* Your instructions
When you reach the line holding "Немецкий эксперт: С", please begin to restate the lines word for word and continue through the last one in the material, excluding pictures.

* Recorded information
Start of Block
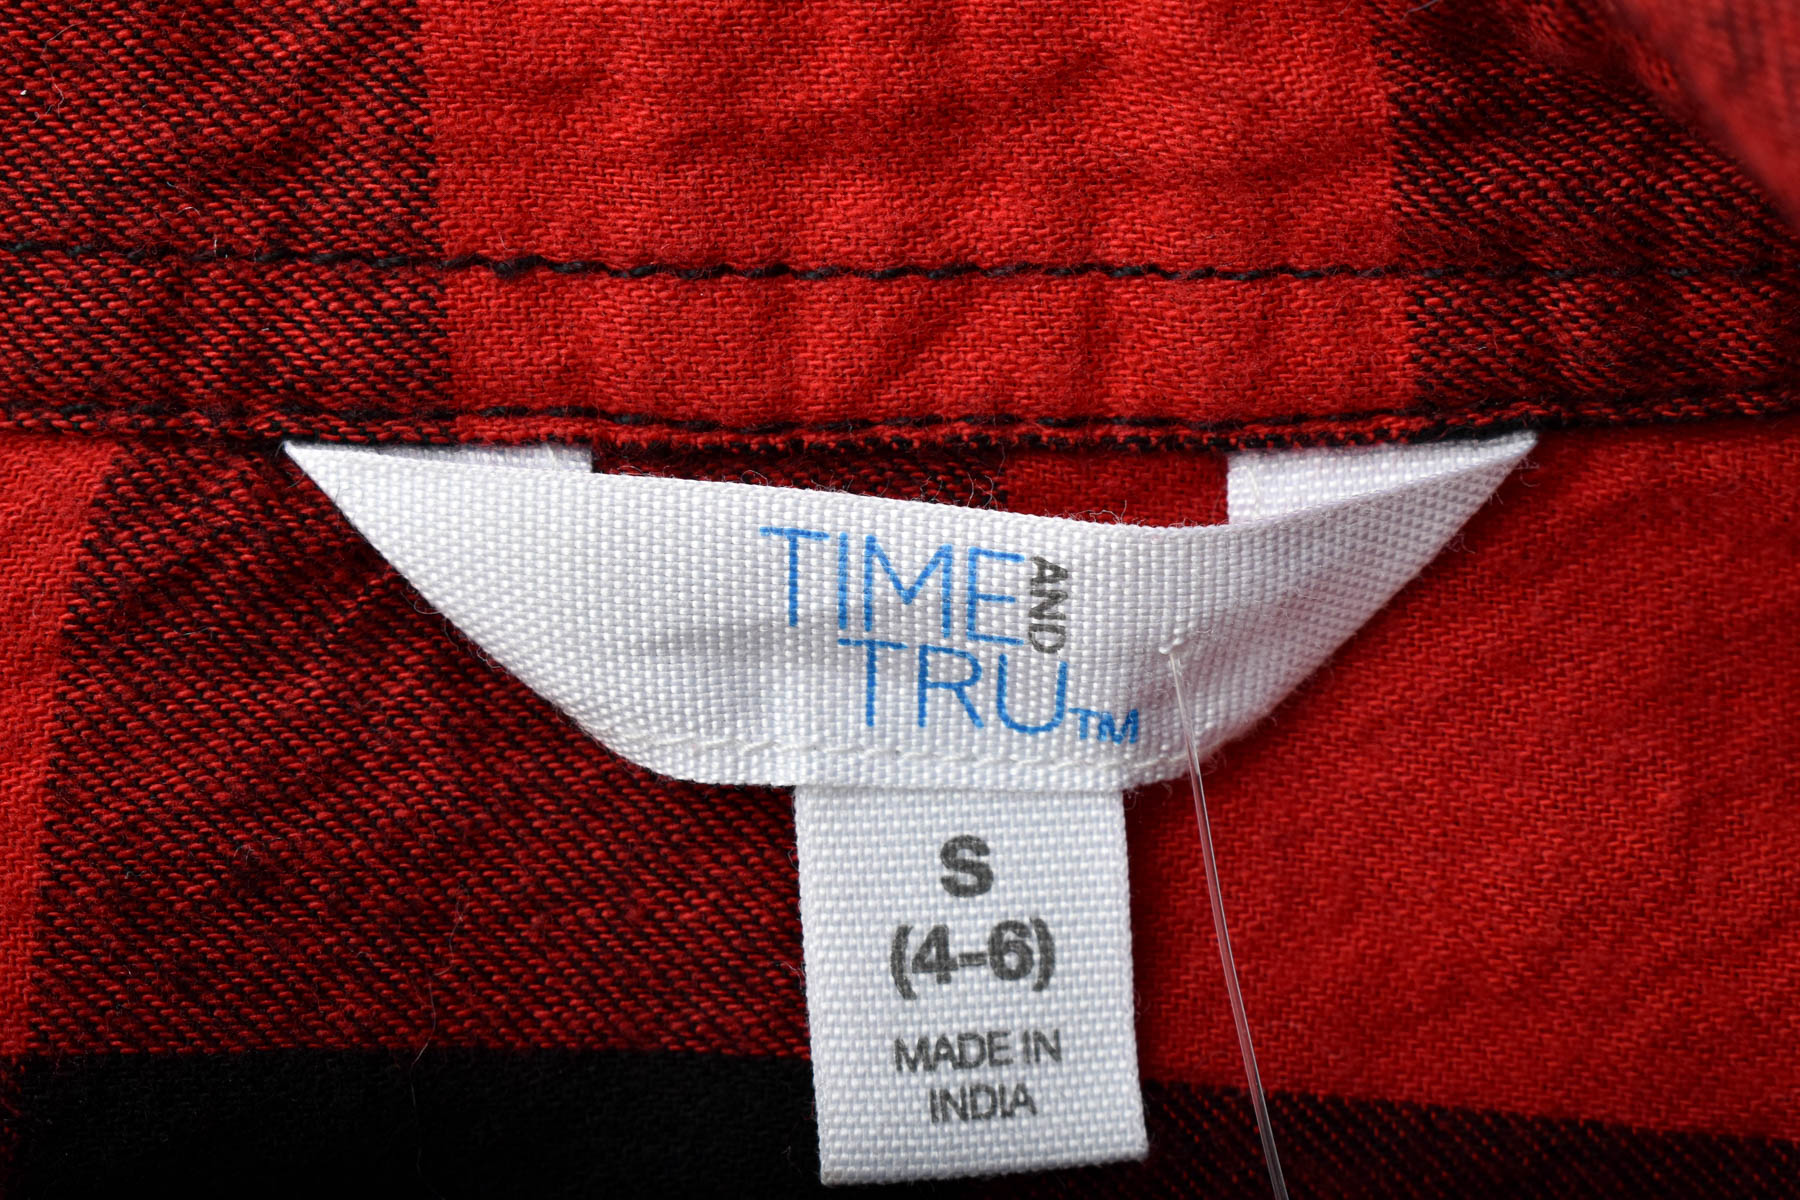 Γυναικείо πουκάμισο - TIME and TRU - 2
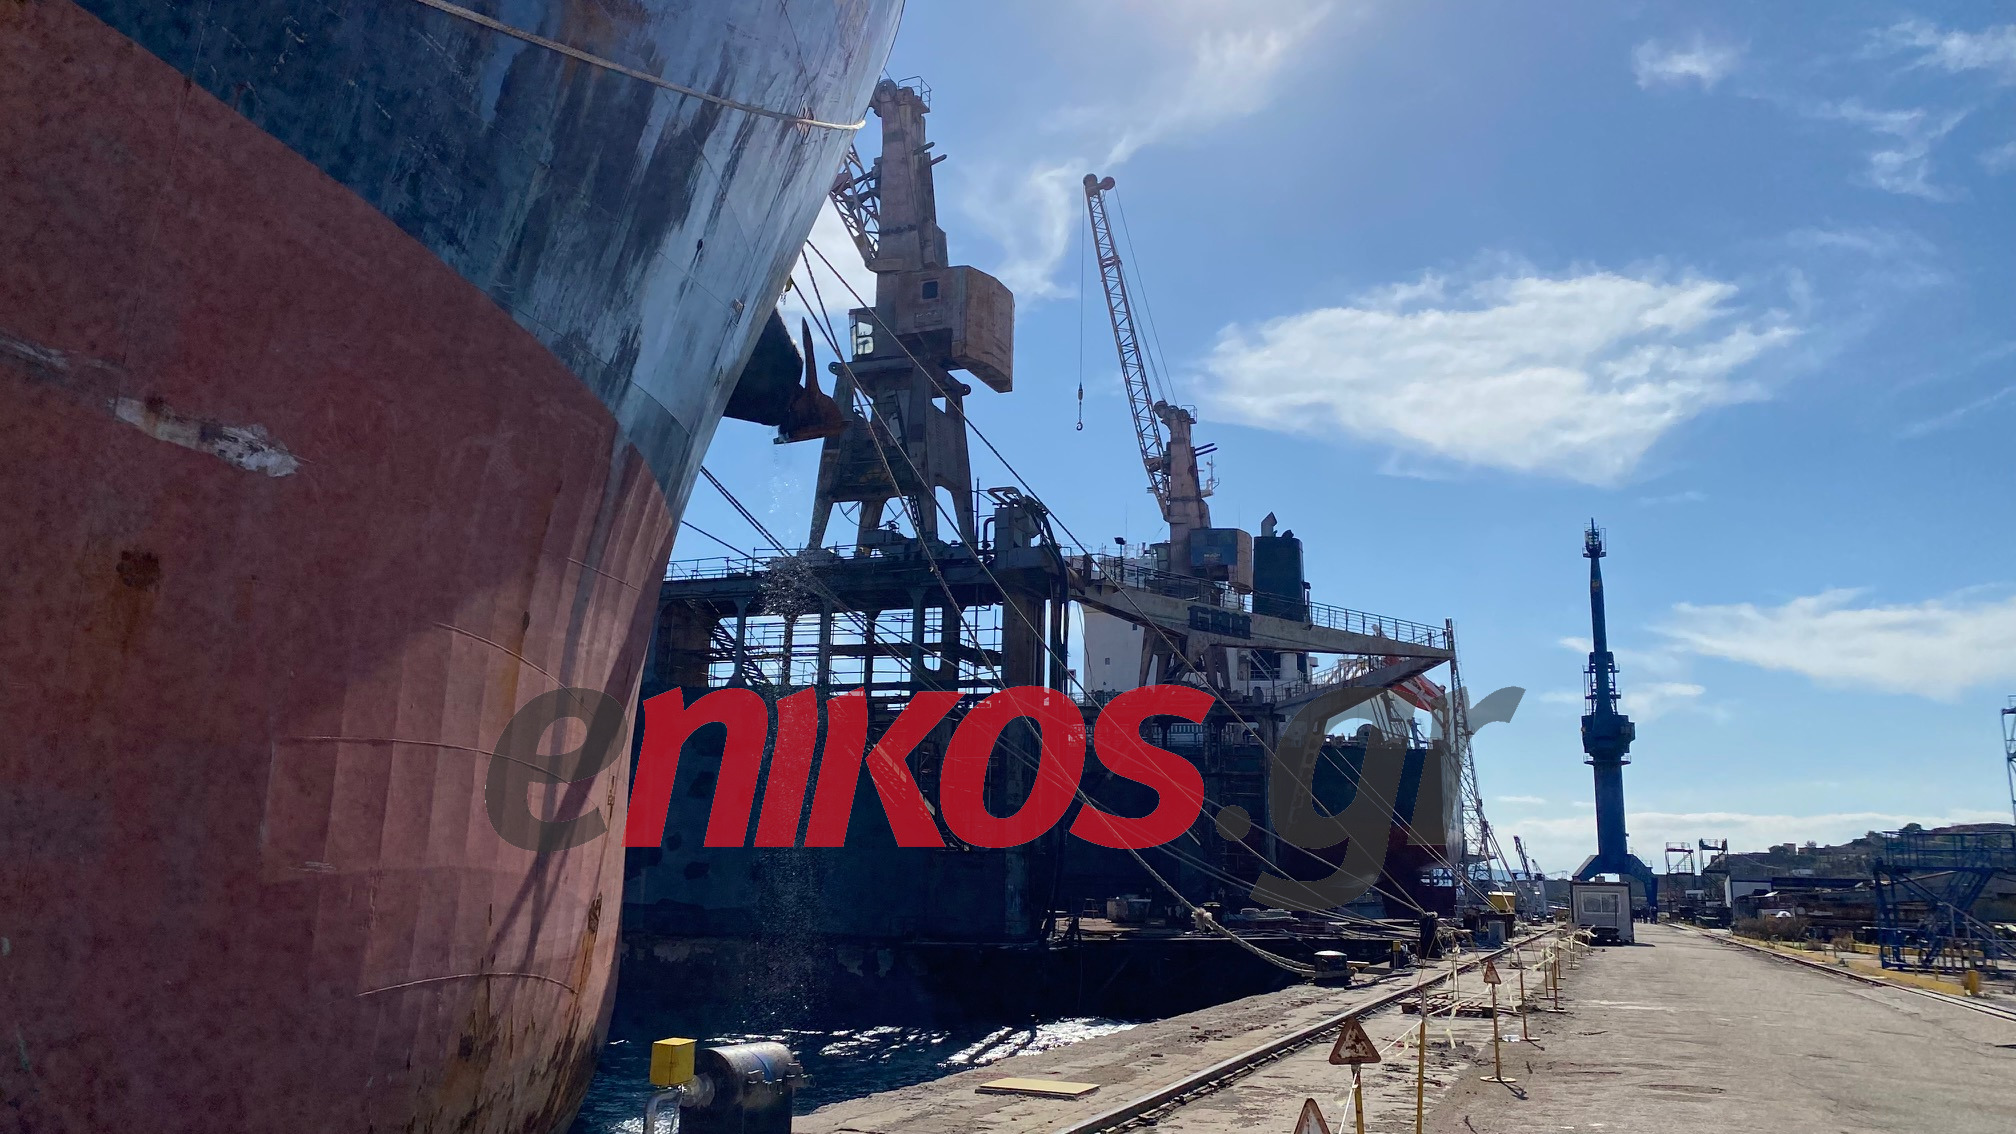 Τα ελληνικά ναυπηγεία απέκτησαν την δική τους Ένωση κι ετοιμάζονται να «χτυπήσουν» την Τουρκία
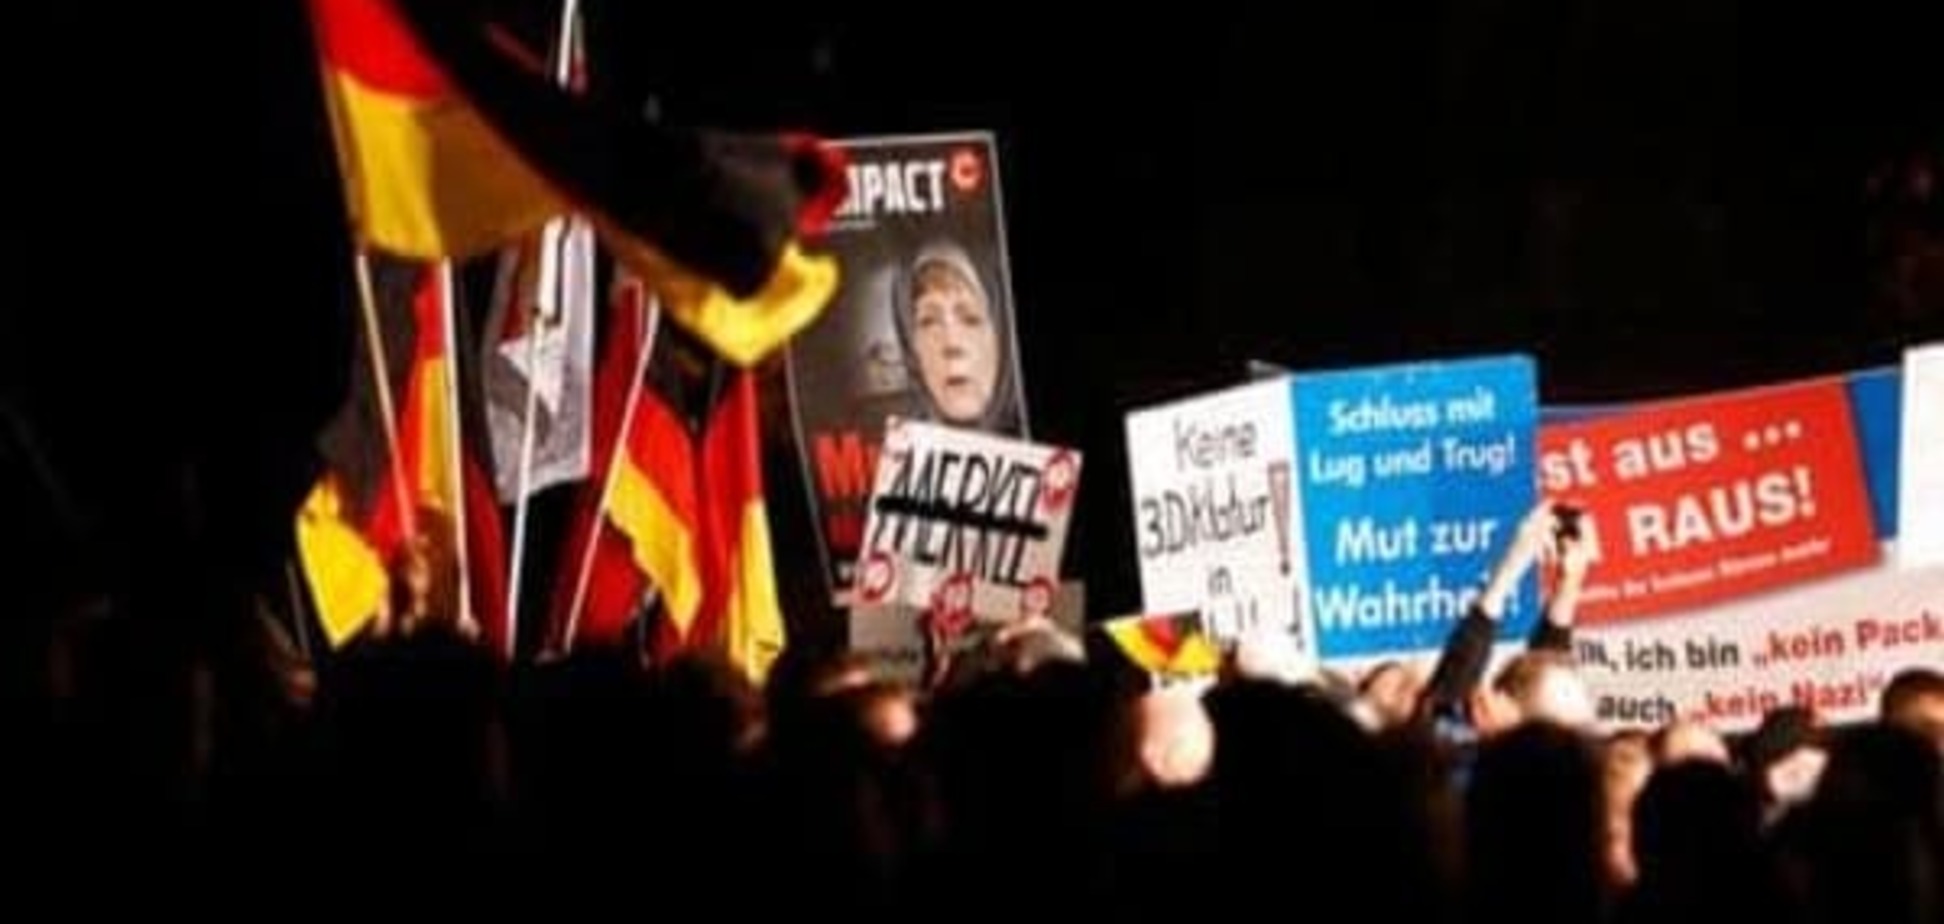 Немецкий эксперт: С правыми радикалами должен говорить прокурор
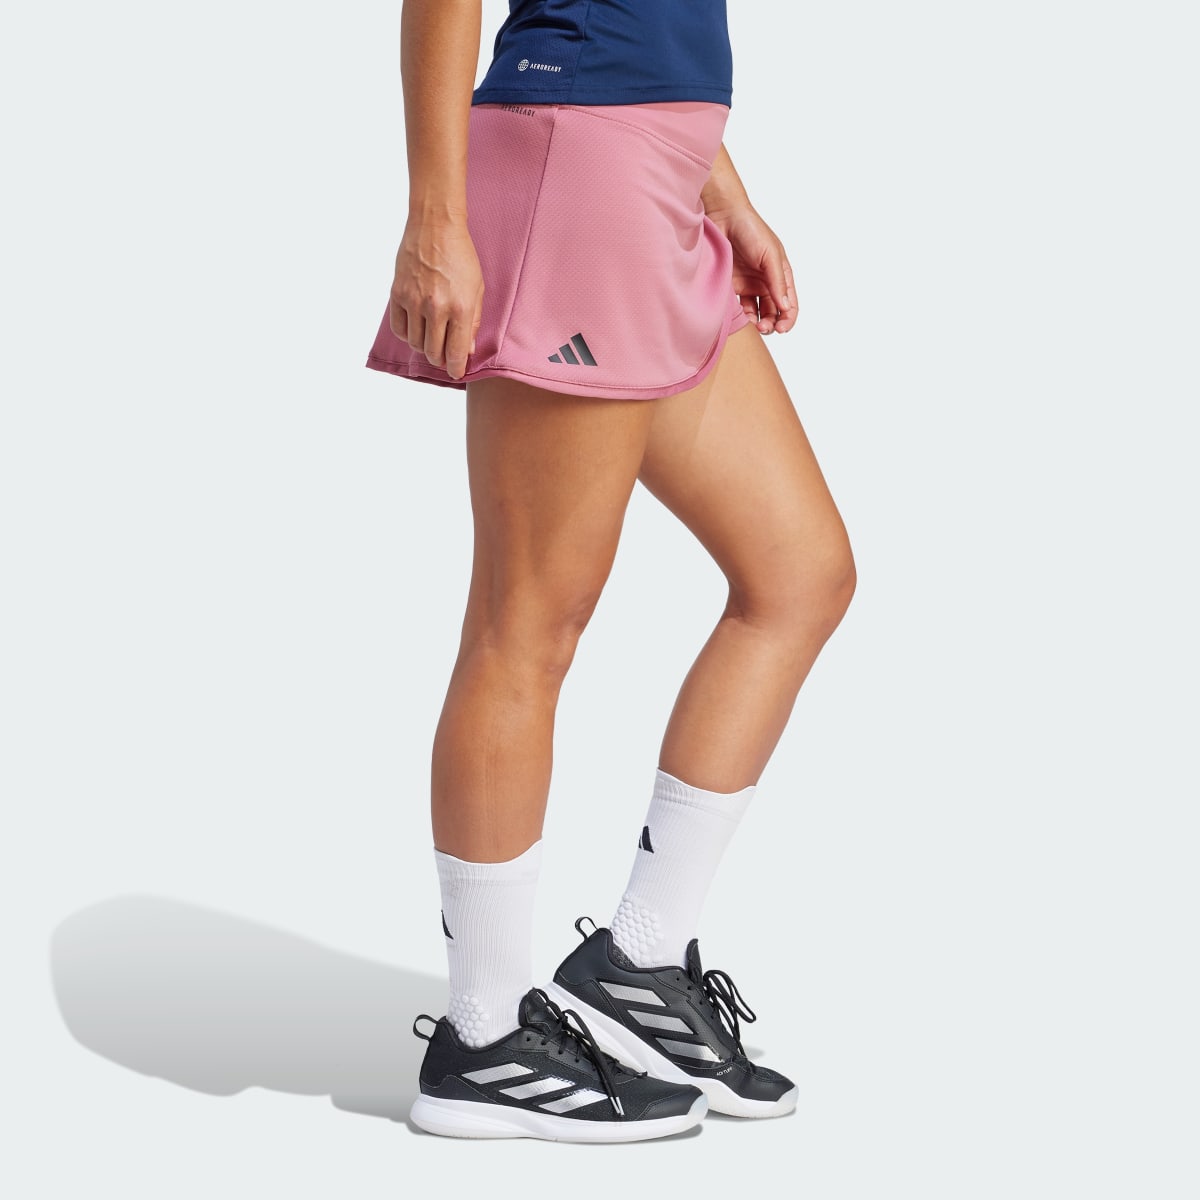 Adidas Club Tennis Skirt. 4
End of Block
* Task result
 Немецкий эксперт: С правыми радикалами должен говорить прокурор
 Adidas Club Tennis Skirt. 4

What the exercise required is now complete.